§ Task goal: Give the number of lines in the data below that contain "Gaming", with no other words.

§ Material shown:
-- Opening Marker --

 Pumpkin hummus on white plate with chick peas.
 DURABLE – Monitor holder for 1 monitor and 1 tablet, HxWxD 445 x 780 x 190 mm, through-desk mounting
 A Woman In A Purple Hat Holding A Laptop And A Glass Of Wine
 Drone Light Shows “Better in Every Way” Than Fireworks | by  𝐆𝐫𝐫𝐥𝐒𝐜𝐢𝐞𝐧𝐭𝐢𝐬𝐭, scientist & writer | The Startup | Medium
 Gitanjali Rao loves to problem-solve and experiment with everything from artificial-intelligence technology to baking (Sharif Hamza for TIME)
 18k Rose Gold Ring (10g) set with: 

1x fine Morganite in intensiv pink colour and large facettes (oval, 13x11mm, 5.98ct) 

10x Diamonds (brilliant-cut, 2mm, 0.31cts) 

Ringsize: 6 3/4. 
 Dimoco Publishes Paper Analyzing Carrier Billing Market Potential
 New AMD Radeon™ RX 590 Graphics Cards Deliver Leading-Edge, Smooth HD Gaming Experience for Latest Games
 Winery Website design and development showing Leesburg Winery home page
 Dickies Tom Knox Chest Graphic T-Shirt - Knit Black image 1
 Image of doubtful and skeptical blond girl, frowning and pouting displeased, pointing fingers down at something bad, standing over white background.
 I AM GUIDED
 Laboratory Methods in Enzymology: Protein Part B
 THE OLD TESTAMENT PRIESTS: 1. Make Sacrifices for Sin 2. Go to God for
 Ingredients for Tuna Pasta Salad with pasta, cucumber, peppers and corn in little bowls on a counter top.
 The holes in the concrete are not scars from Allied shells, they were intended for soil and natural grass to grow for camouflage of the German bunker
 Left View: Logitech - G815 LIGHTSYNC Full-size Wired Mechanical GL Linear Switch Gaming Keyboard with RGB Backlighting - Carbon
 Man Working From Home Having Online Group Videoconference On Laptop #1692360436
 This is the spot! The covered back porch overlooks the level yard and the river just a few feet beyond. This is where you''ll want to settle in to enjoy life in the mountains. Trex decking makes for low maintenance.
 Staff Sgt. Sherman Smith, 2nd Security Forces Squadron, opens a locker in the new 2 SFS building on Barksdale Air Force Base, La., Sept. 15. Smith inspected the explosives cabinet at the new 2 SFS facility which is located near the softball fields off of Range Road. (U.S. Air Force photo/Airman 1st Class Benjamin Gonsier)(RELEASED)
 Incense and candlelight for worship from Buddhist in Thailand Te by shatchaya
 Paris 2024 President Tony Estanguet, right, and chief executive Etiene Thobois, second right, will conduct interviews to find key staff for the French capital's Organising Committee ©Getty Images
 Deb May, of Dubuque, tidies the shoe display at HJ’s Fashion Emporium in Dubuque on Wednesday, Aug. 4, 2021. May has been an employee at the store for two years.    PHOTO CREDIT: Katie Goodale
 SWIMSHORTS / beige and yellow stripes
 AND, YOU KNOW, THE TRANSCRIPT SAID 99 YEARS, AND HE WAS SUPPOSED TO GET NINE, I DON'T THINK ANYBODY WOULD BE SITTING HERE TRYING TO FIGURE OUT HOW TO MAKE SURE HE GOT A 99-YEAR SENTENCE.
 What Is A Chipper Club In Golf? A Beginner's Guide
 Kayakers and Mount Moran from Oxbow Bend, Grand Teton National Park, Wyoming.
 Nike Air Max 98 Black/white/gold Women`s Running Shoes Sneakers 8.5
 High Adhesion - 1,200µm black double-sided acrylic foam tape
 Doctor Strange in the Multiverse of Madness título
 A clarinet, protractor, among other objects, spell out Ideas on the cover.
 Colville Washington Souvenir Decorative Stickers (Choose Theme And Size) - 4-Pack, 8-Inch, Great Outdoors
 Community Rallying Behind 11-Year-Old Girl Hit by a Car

-- Closing Marker --

§ Exercise response: 2